Reminiscing on her HBA experience, a special memory for Escobedo is the Oct. 2021 ASU Homecoming game when the ASU Alumni Association awarded current and past HBA presidents with the Alumni Achievement Award at halftime. The chapter was recognized for its commitment to supporting Hispanic undergraduate scholars and presented a plaque by President Michael Crow.

"It filled us all with pride," says Escobedo. "Getting that recognition after all those years of working on the HBA to increase Hispanic student graduates was very fulfilling."

Escobedo is already looking forward to celebrating 50 years as an ASU graduate in 2028. Until then, she's continuing her education advocacy by serving as the governing board chair of Chicanos Por La Causa Community Schools.

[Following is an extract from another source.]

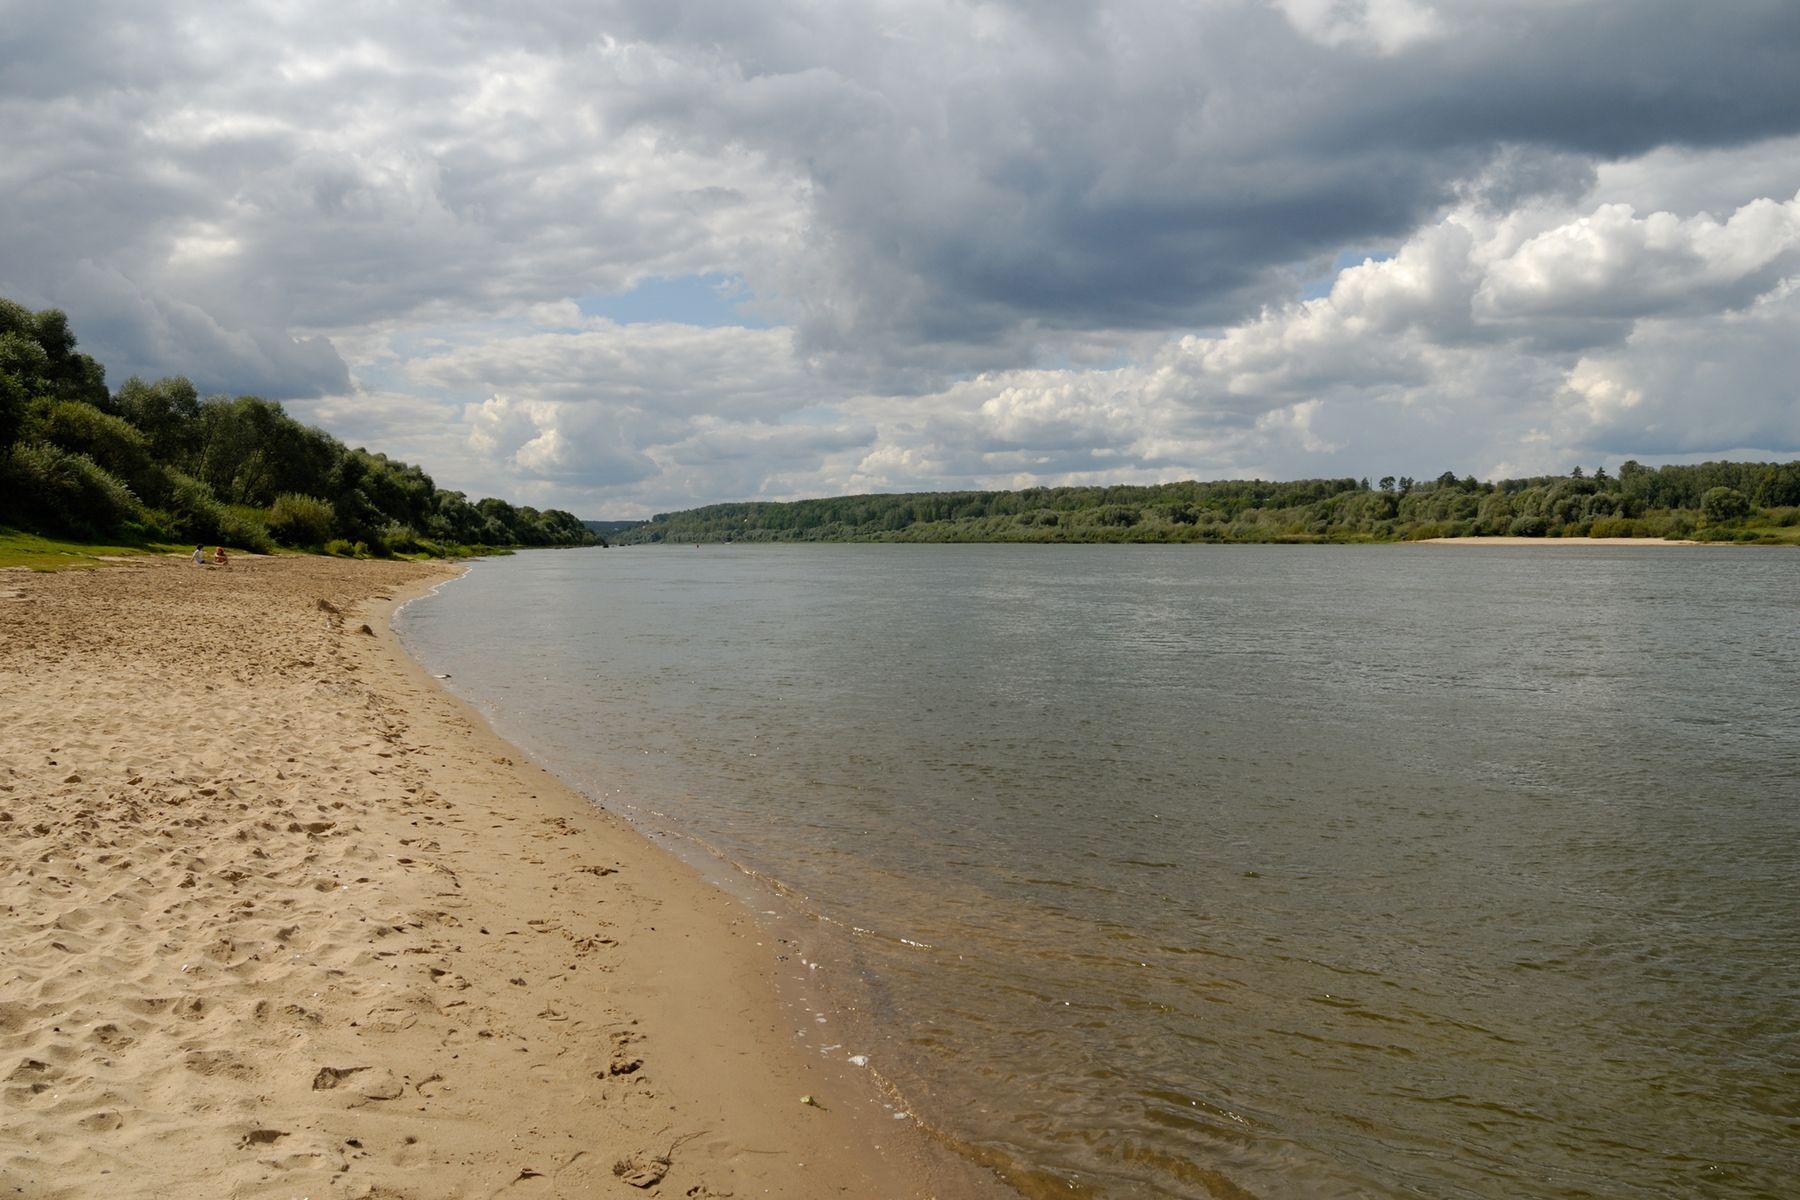 Песчаный пляж на Оке Россия Тульская область Поленово пейзаж Ока лето пляж

An avid writer, Escobedo is also preparing to publish her second book, Reflections of the Heart: Stories and Poems from Life. Her first book, Dichos de Mi Padre: Sayings of My Father, was a 2019 International Latino Book Awards nominee for best first nonfiction book and received honorable mention.

"For me, the HBA is family and we are proud that we have achieved our goals and graduated from the business college," says Escobedo. "I am honored to have received my degree from ASU."

Hispanic Heritage Month

This Hispanic Heritage Month (Sept. 15 – Oct. 15), ASU invites faculty, staff, and organizations to celebrate the enduring contributions and significance of Latin Americans within the U.S. through events, stories, and knowledge. The HBA community is proud to support Hispanic and Latinx scholars through monetary gifts and mentorship during their academic careers and beyond.